** Opening Given data block **

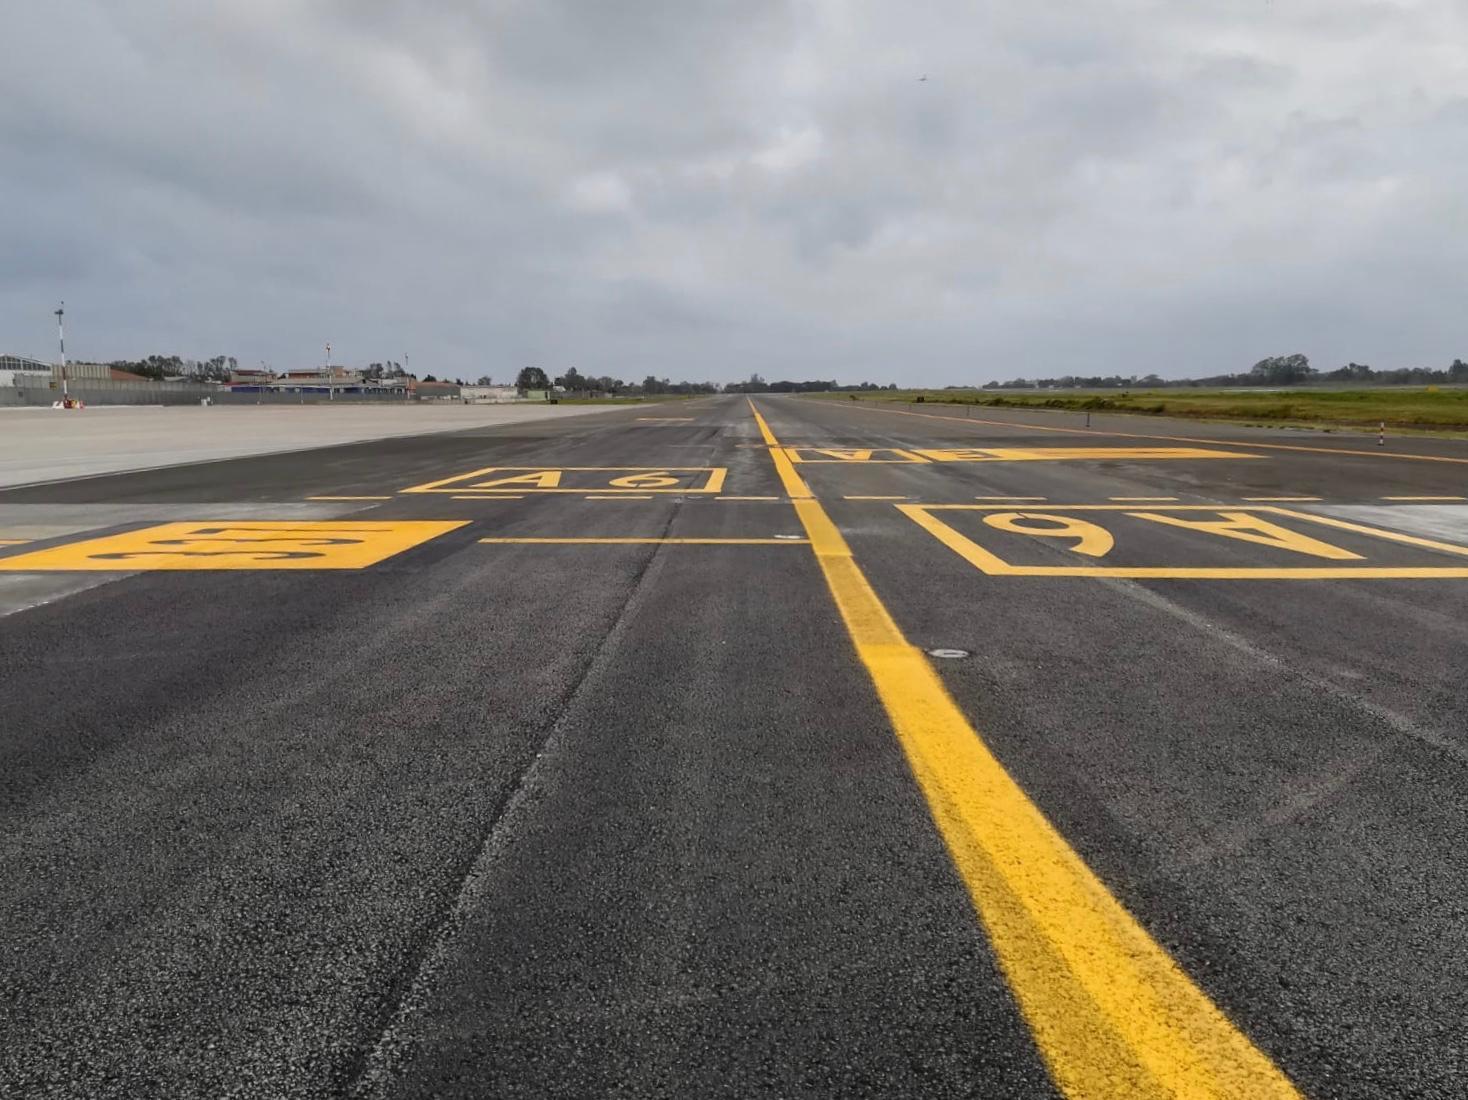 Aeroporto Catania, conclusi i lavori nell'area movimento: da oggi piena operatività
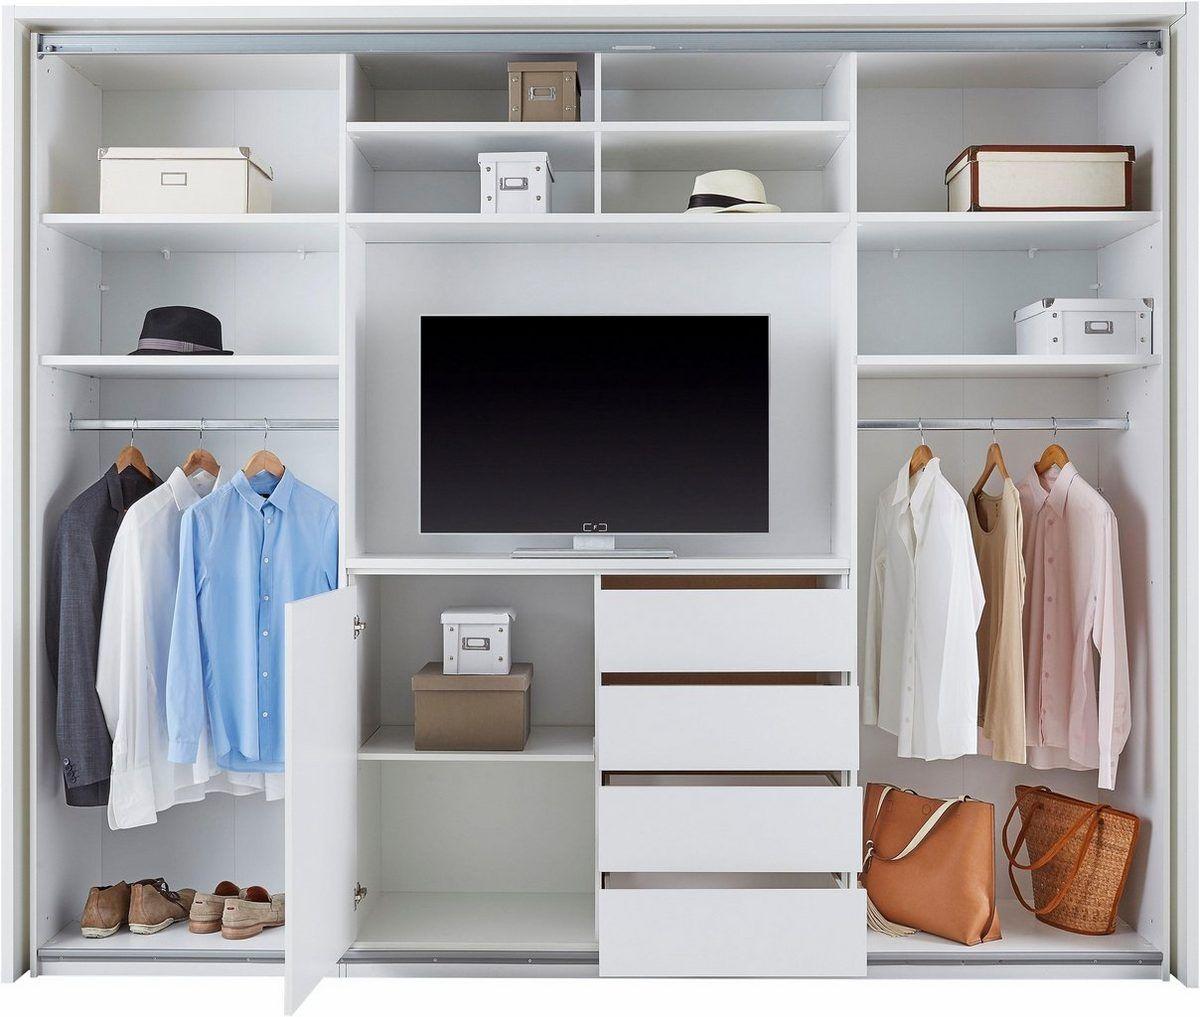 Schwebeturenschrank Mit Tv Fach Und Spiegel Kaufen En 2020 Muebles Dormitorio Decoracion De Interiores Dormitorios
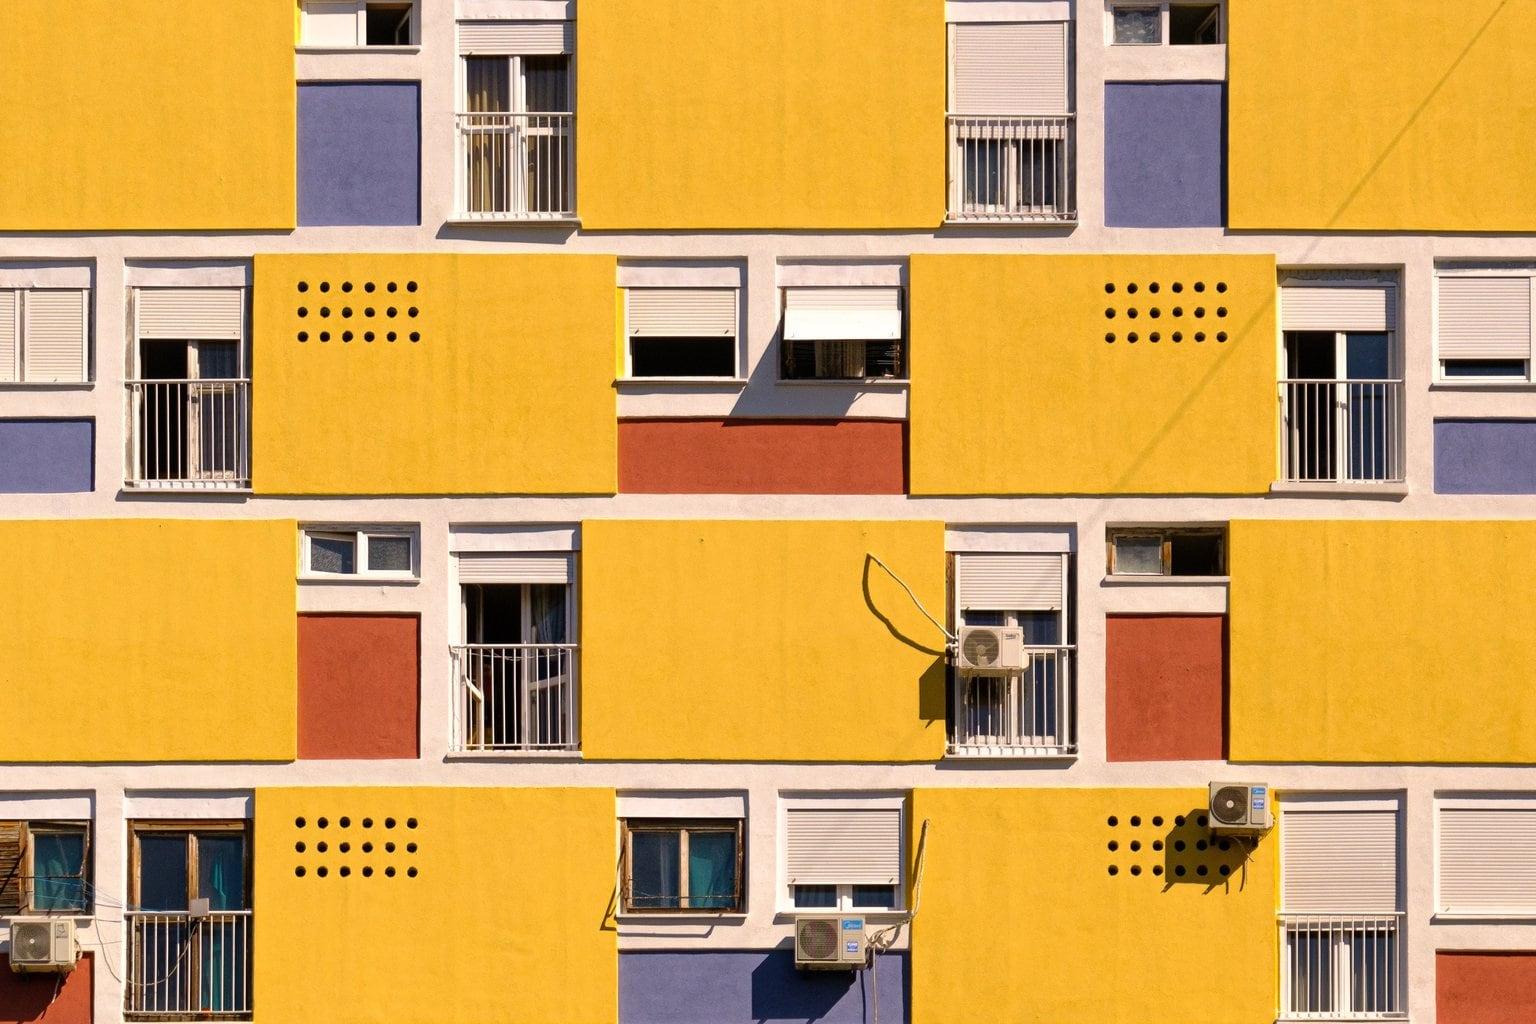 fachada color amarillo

** Closing Given data block **

== Problem to work on ==
All of the data is to be reproduced exactly, with the pictures left out.

== Result of the task ==
 Aeroporto Catania, conclusi i lavori nell'area movimento: da oggi piena operatività
 Schwebeturenschrank Mit Tv Fach Und Spiegel Kaufen En 2020 Muebles Dormitorio Decoracion De Interiores Dormitorios
 fachada color amarillo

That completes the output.